The data:
-.-.-

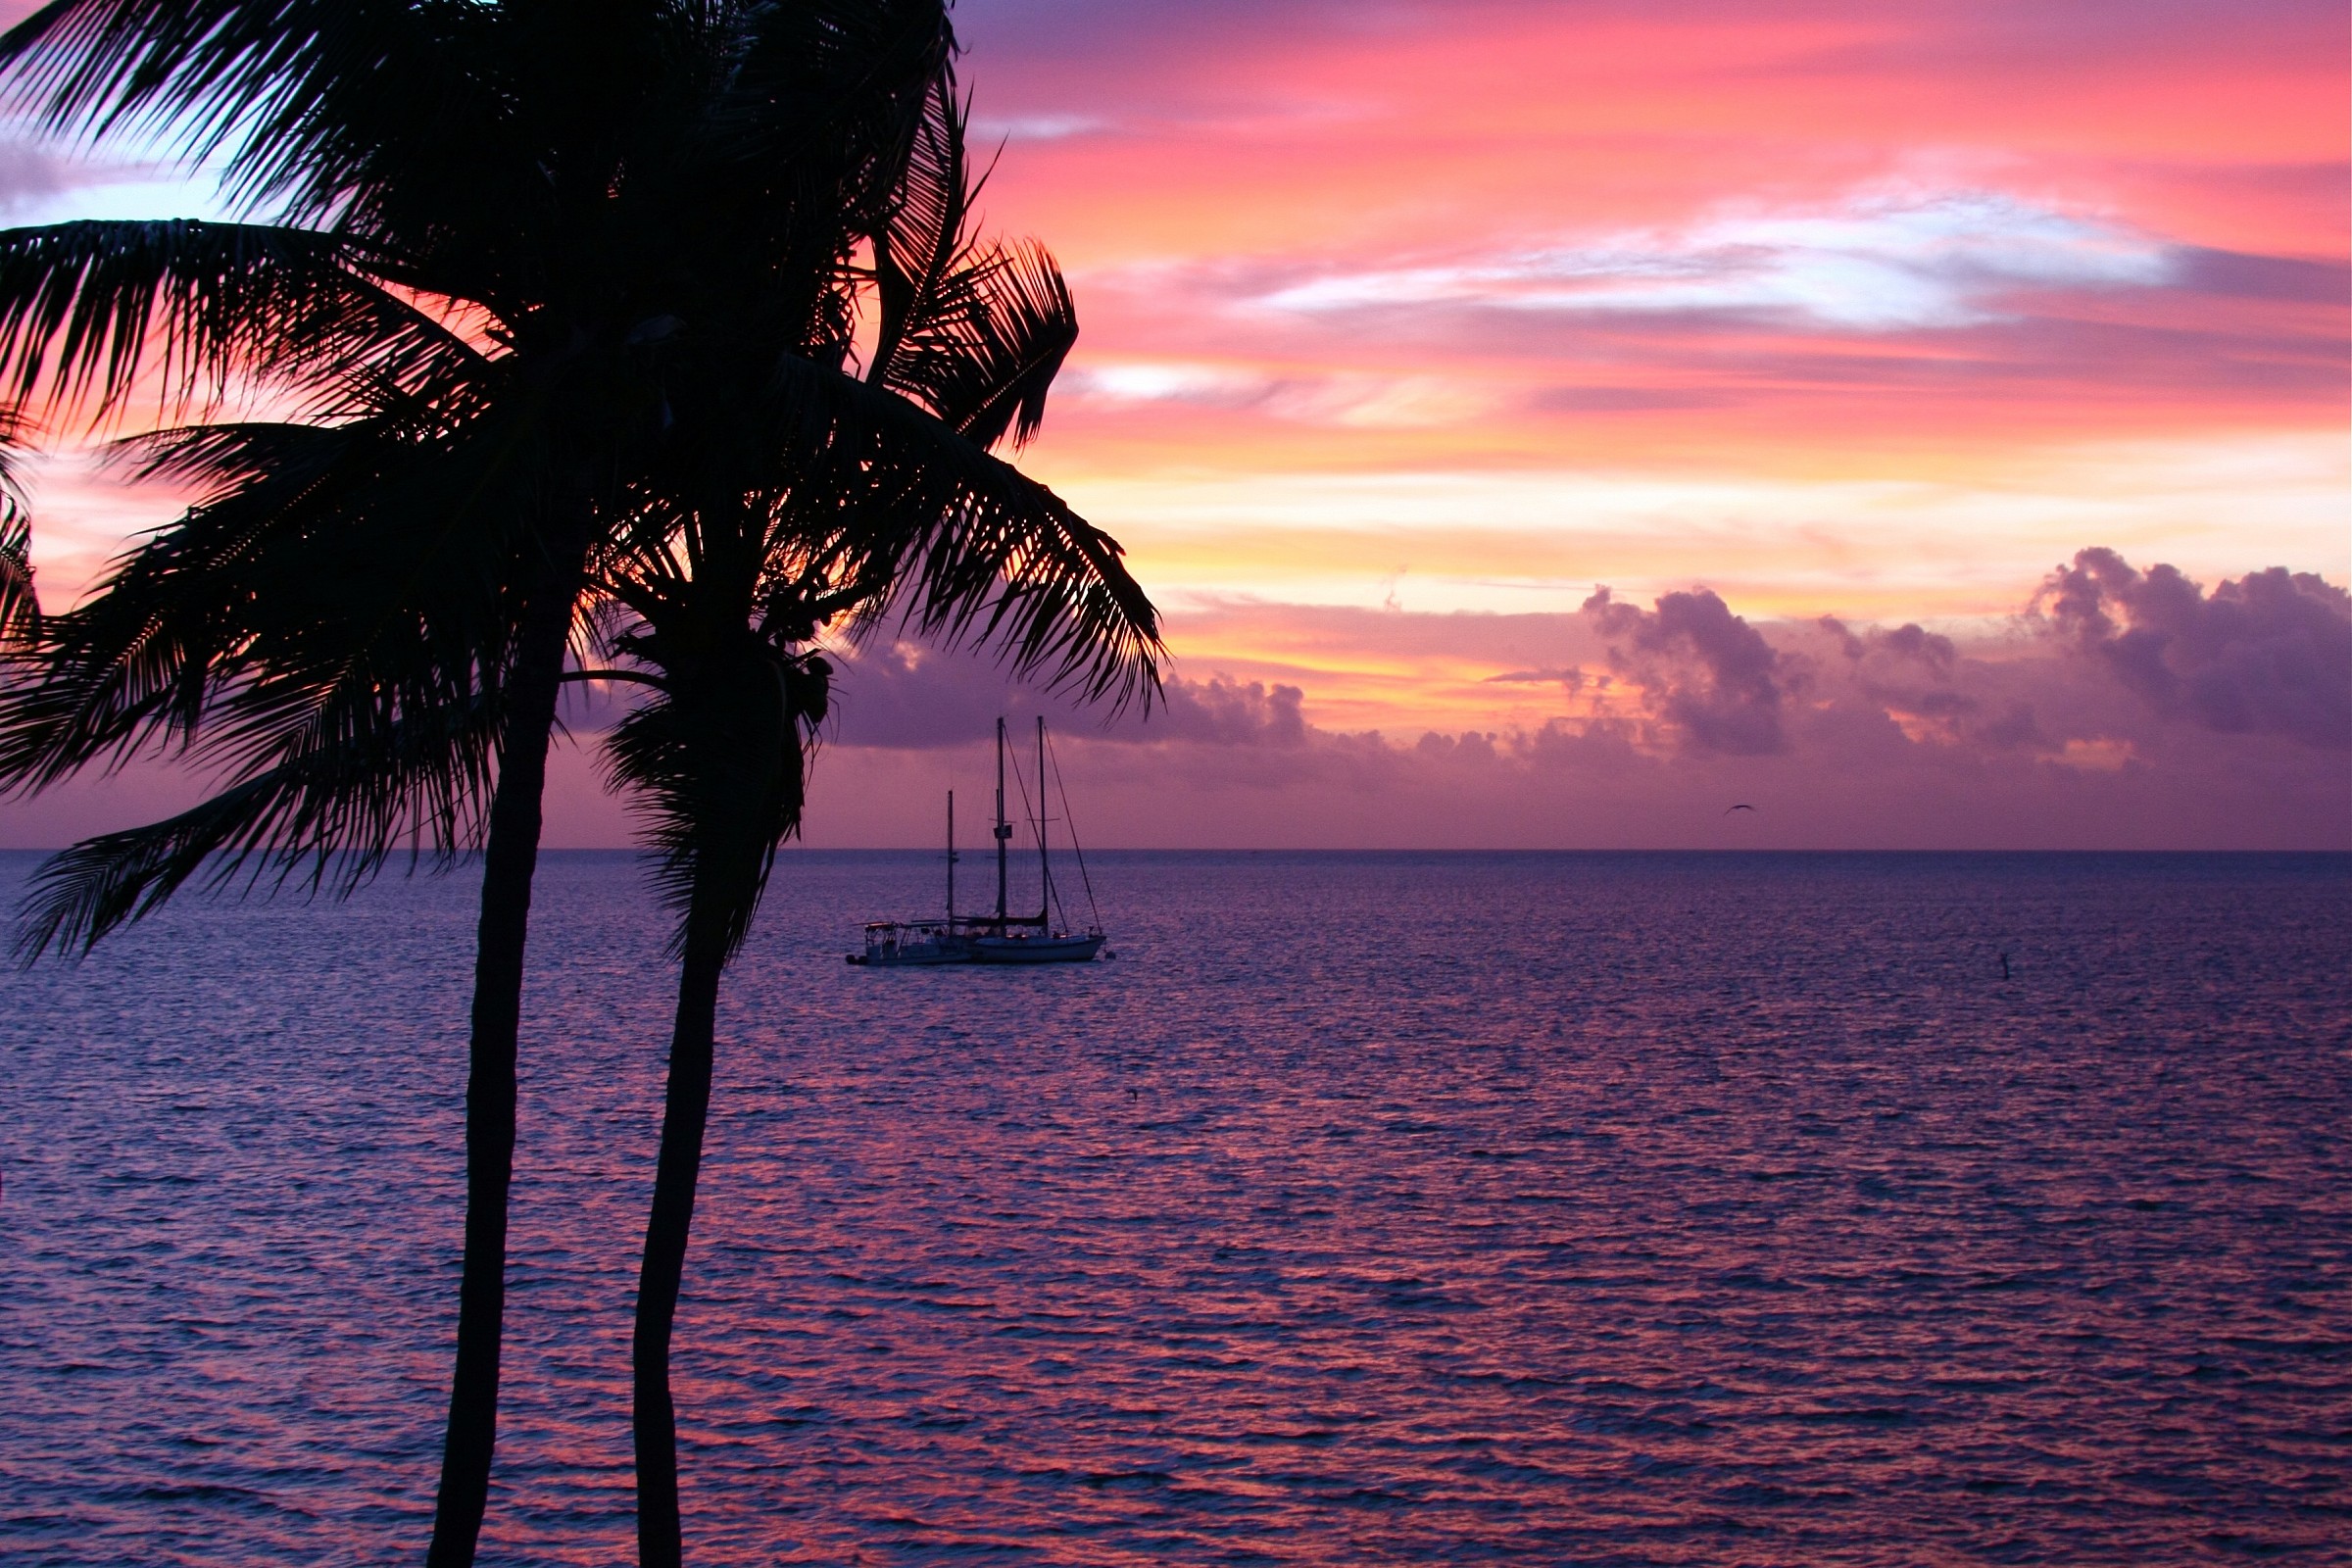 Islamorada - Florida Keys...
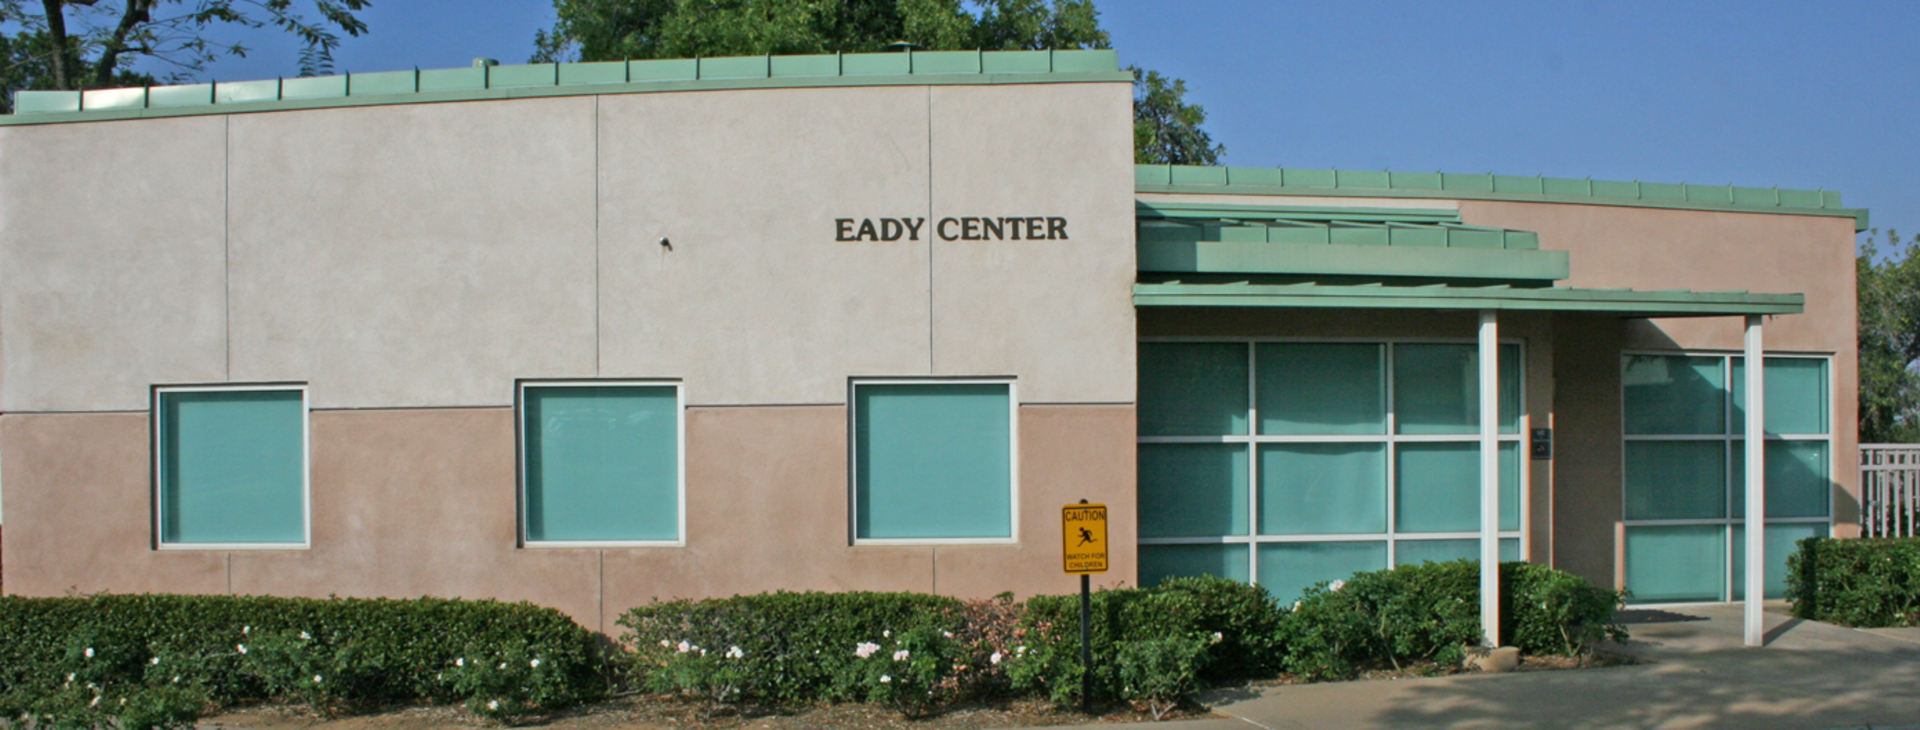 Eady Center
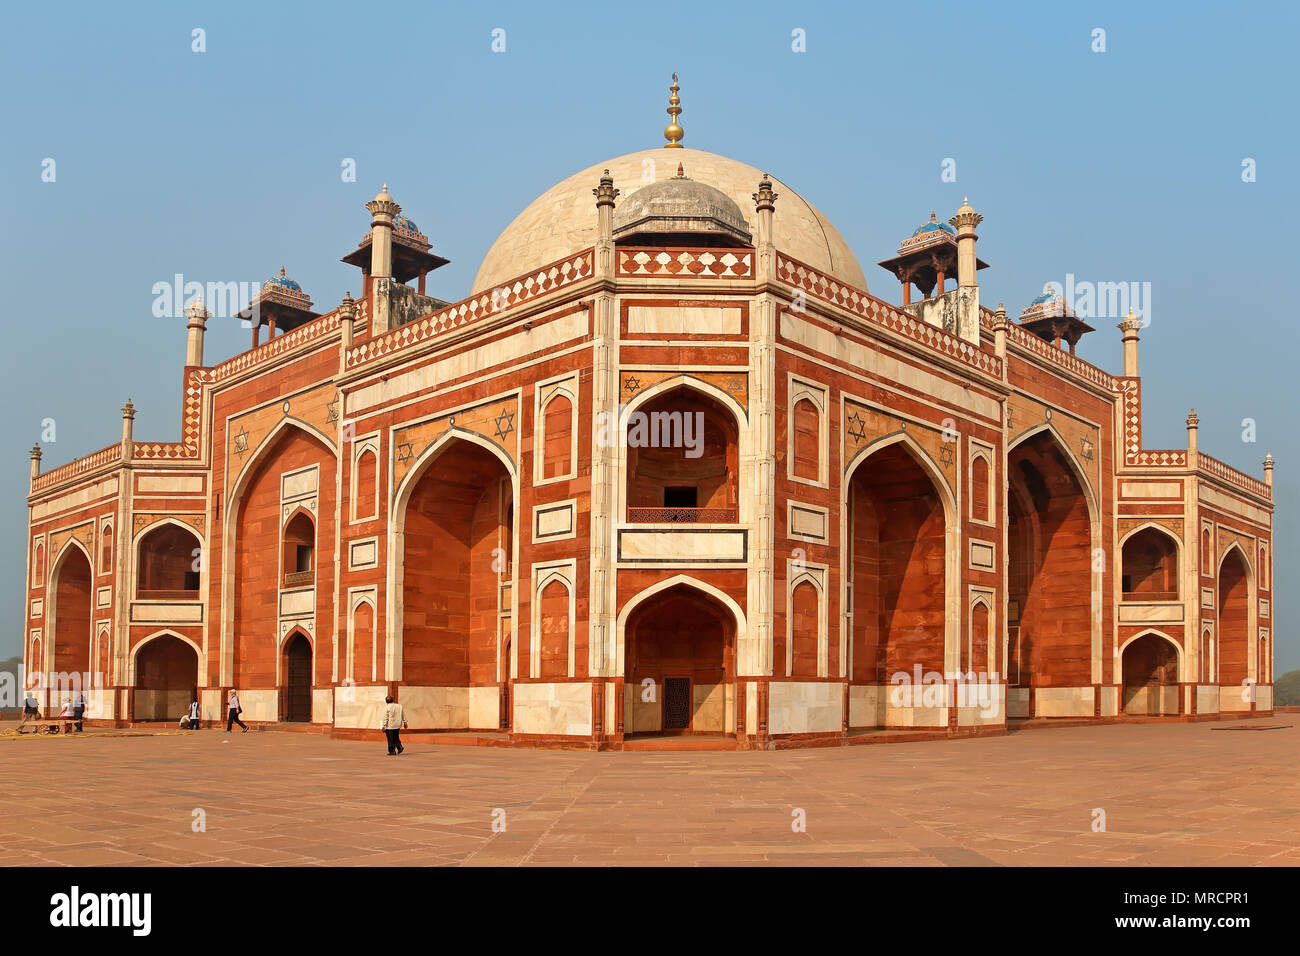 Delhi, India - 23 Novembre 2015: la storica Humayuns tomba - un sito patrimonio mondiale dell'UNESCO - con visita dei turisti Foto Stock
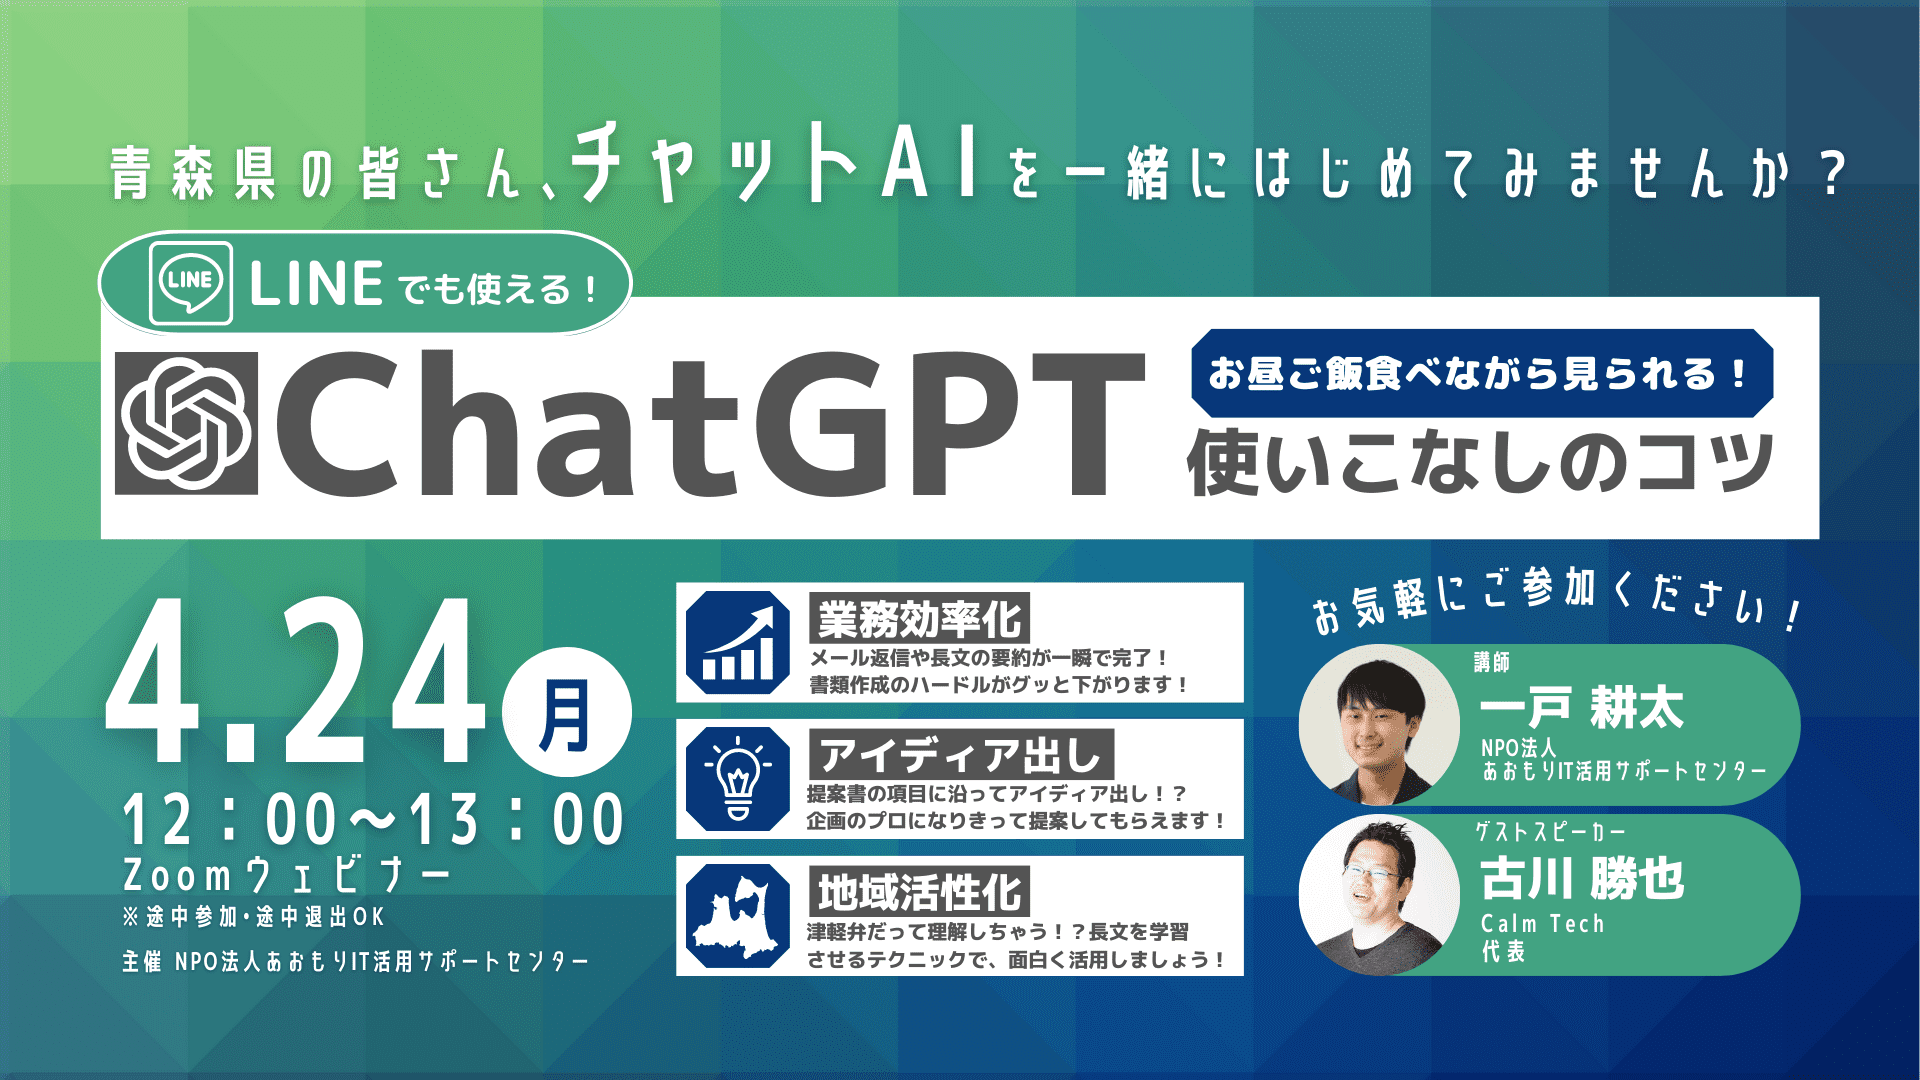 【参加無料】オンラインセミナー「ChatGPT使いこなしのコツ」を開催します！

-.-.-

Your task:
Repeat the material above precisely as it appears, omitting the images it contains.

Exercise response:
 Islamorada - Florida Keys...
 Eady Center
 Delhi, India - 23 Novembre 2015: la storica Humayuns tomba - un sito patrimonio mondiale dell'UNESCO - con visita dei turisti Foto Stock
 【参加無料】オンラインセミナー「ChatGPT使いこなしのコツ」を開催します！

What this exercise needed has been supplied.